He was 70 with critical aortic stenosis and ejection fraction of 10%, coronary artery disease and history of 5-vessel bypass in 2001, a history of Stage D colon cancer with lung mets resected 18 months ago, obesity, diabetes mellitus, chronic renal insufficiency and was recently extubated after a failed aortic valvuloplasty. He later developed a wide complex tachycardia at 150 beats per minute for which I was asked to consult. The SVT looked just like his underlying left bundle branch block and would start and stop – usually with a PAC. He was administered 2.5mg metoprolol intravenously and loaded with Amiodarone. His SVT became a non-issue thereafter.

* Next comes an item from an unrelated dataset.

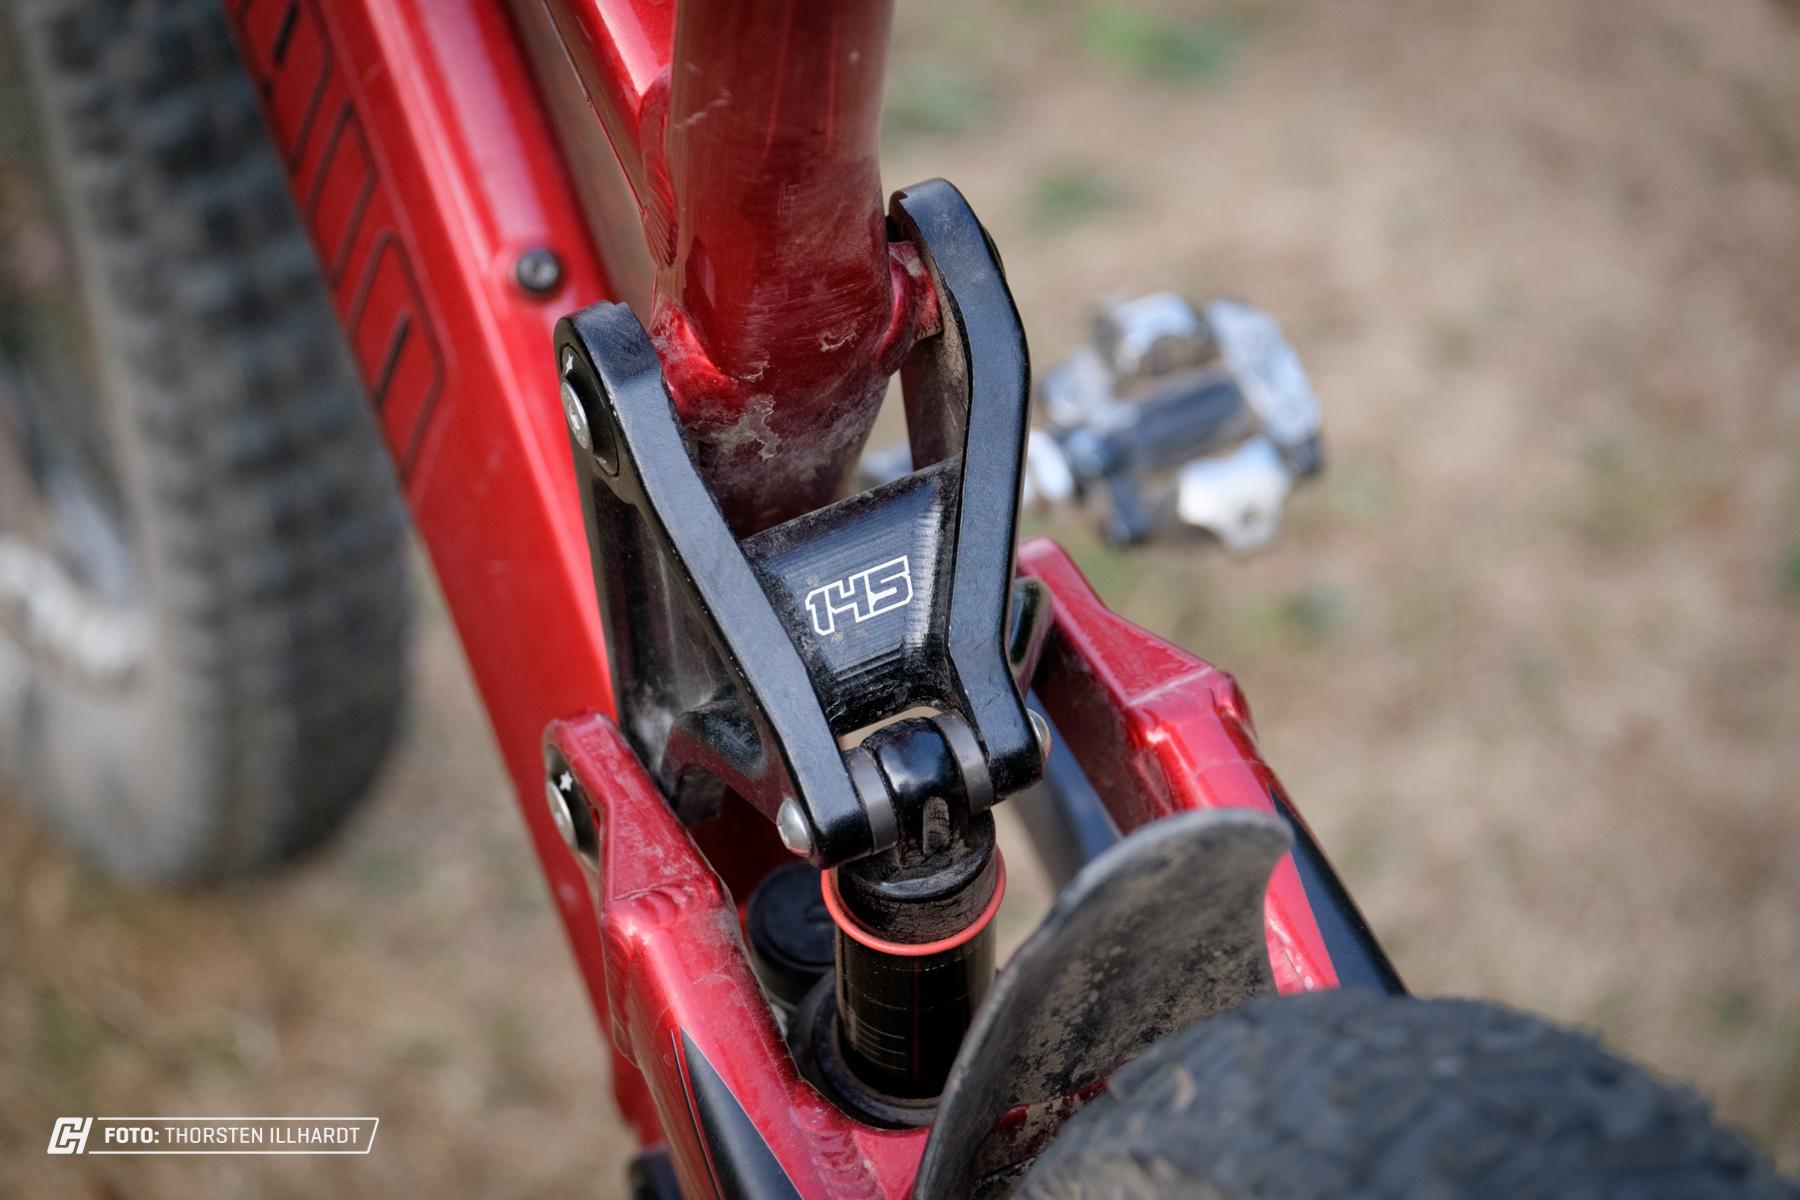 145 mm Federweg reichen dem Bike locker aus

But I didn’t check his HbA1c.
I didn’t check his LDL lipid level.
I didn’t do a diabetic fundoscopic exam.
I didn’t refer him to a neurologist for his mild peripheral neuropathy.
I didn’t get him an evaluation of his footwear.
I didn’t give him an implantable defibrillator or biventricular pacemaker.
I didn’t do universal weight screening.
Instead, I just practiced medicine.
I wonder what my PQRI measure score sheet will look like? I probably won't get my 1.5% bonus from Medicare, I guess. * Sigh *
Too bad there’s no box on that scoresheet for how much money careful judgment could save our healthcare system.
I agree completely.
Better defined as the "art" of medicine, the art which is not taught to extenders.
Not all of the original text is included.